人為的に佐藤くんから唐揚げを取り出すのが無理だとすれば、自然現象として佐藤くんから唐揚げを解放するしかありません。そして、ここに取り出したるは振動宇宙論。ブラックホールが宇宙の全てを吸い込んだ結果ビッグクランチという状態になり、そこから次のビッグバンが起こって新しい宇宙が生まれるという説でございます。

新しい宇宙が生まれれば、また唐揚げを作ることもできるでしょう。

そう決めましたら、今この宇宙にある全ての物質、全てのエネルギー、そして全ての空間を母ちゃんが唐揚げにして、佐藤くんに食べて貰います。そうして、宇宙の全てを内包した佐藤くんが無限の唐揚げを望むことで、佐藤くんはビッグバンとなり新しい宇宙が生まれました。
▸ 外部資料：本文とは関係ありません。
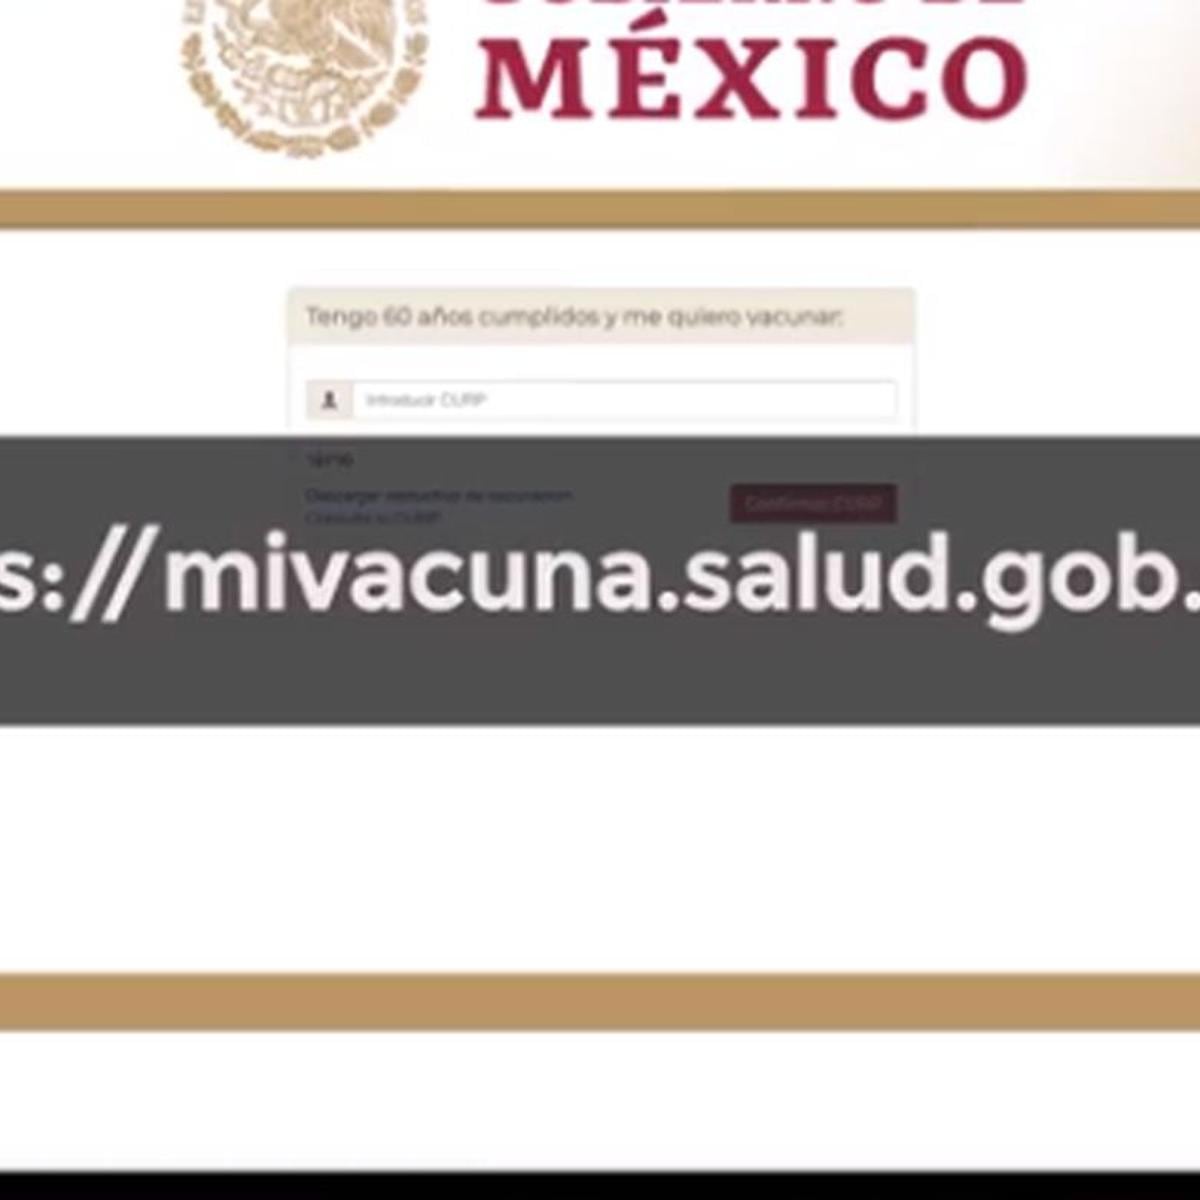 AQUÍ, Vacuna COVID-19 México: quiénes serán beneficiados y cómo registrarte  en .mx si eres un adulto mayor | Gobierno de México |  Coronavirus | Página inscripción de vacuna | Registro, Vacuna COVID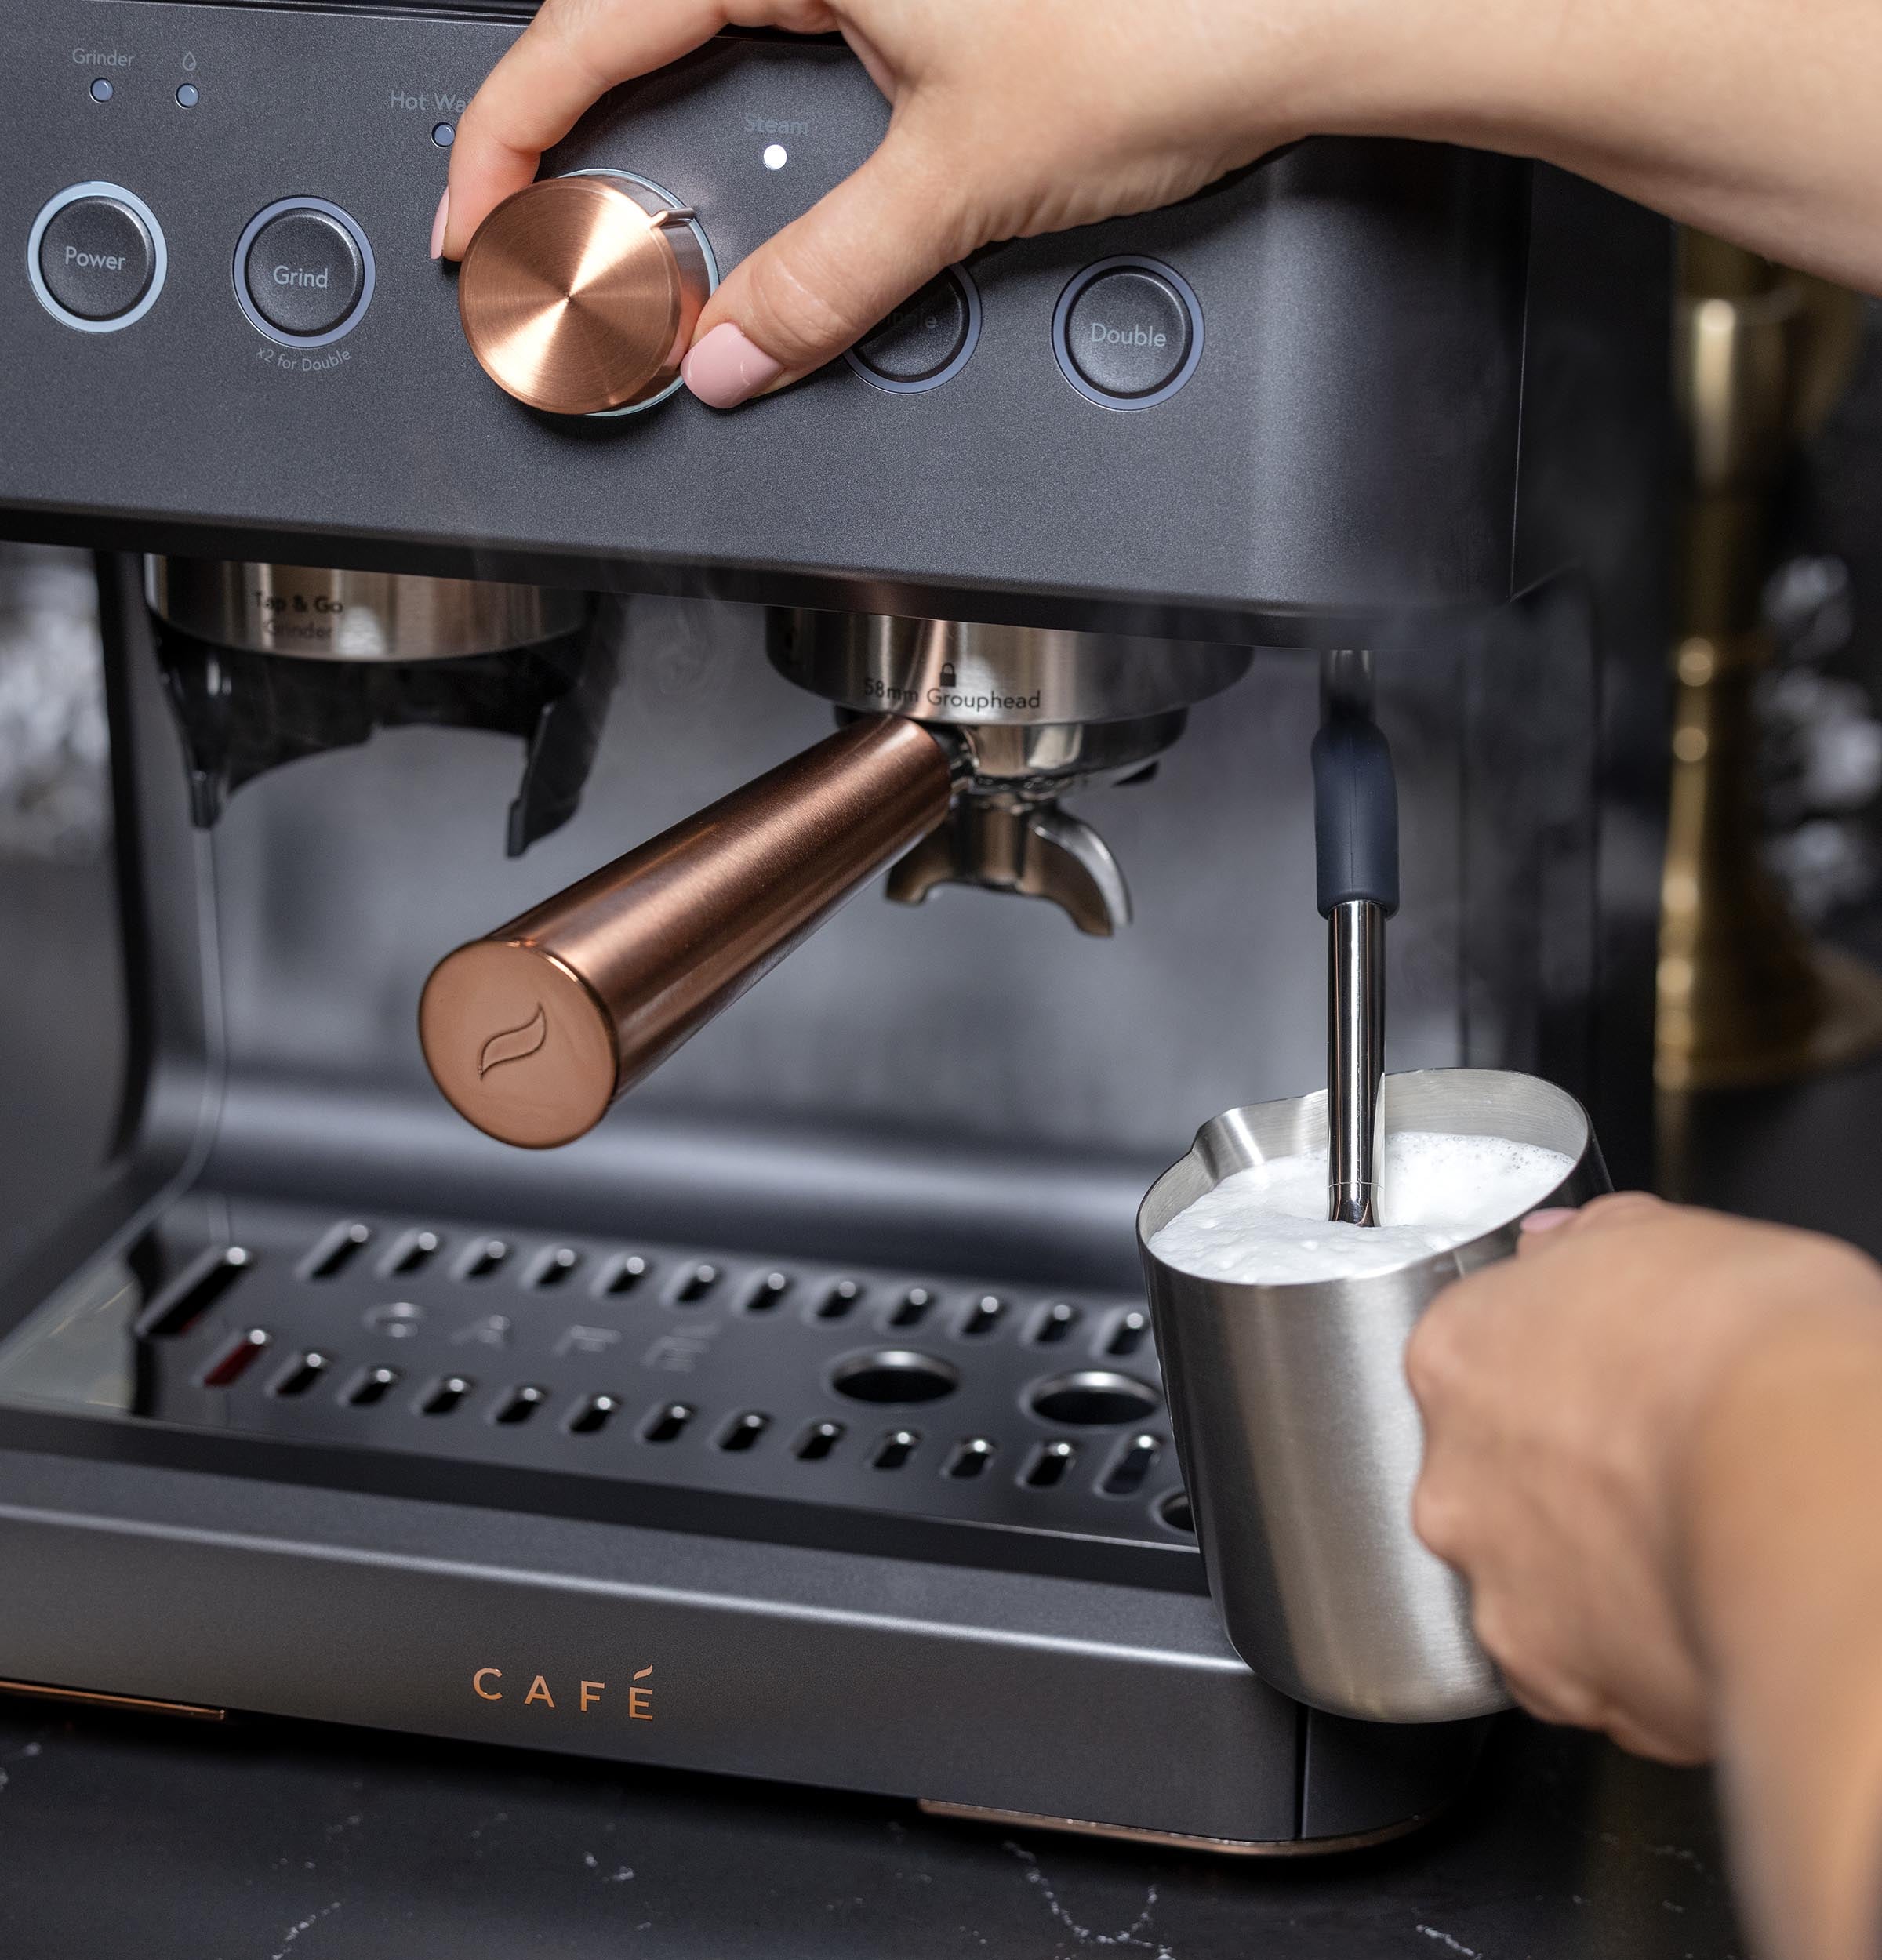 dsp hot sale automatic espresso coffee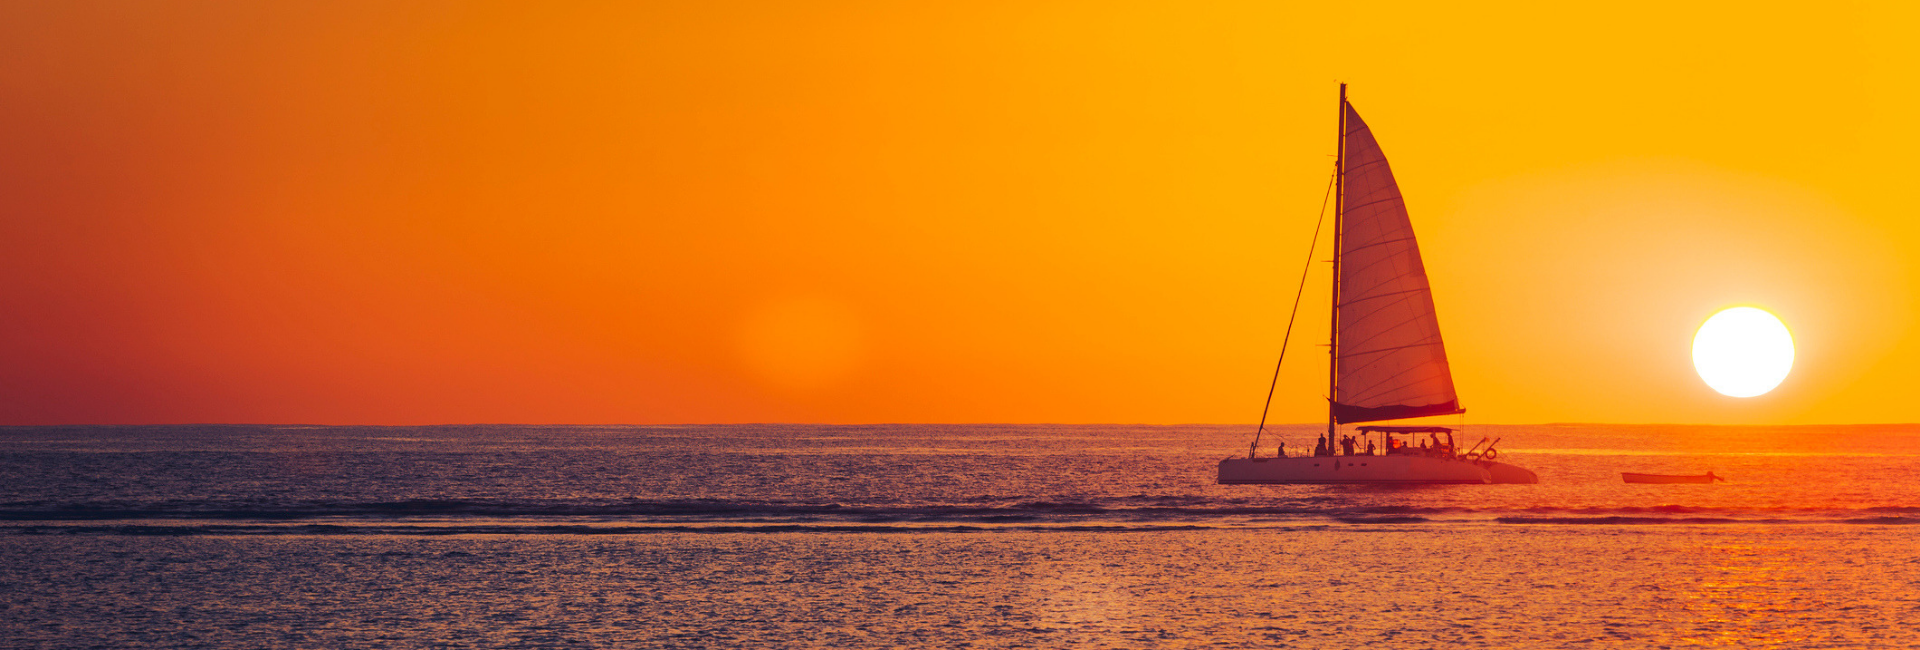 smooth sailing sunrise photo

そうして遂に、佐藤くんが唐揚げを無限に食べるサイクルが確立されたわけです。

今日も母ちゃんが無限に唐揚げを作って、佐藤くんが幸せそうにモグモグと無限に唐揚げを頬張っております。

ところで最近、佐藤くんの嗜好に若干の変化があったようで……?


「ポテトも無限に食べたいな」

お後が宜しいようで。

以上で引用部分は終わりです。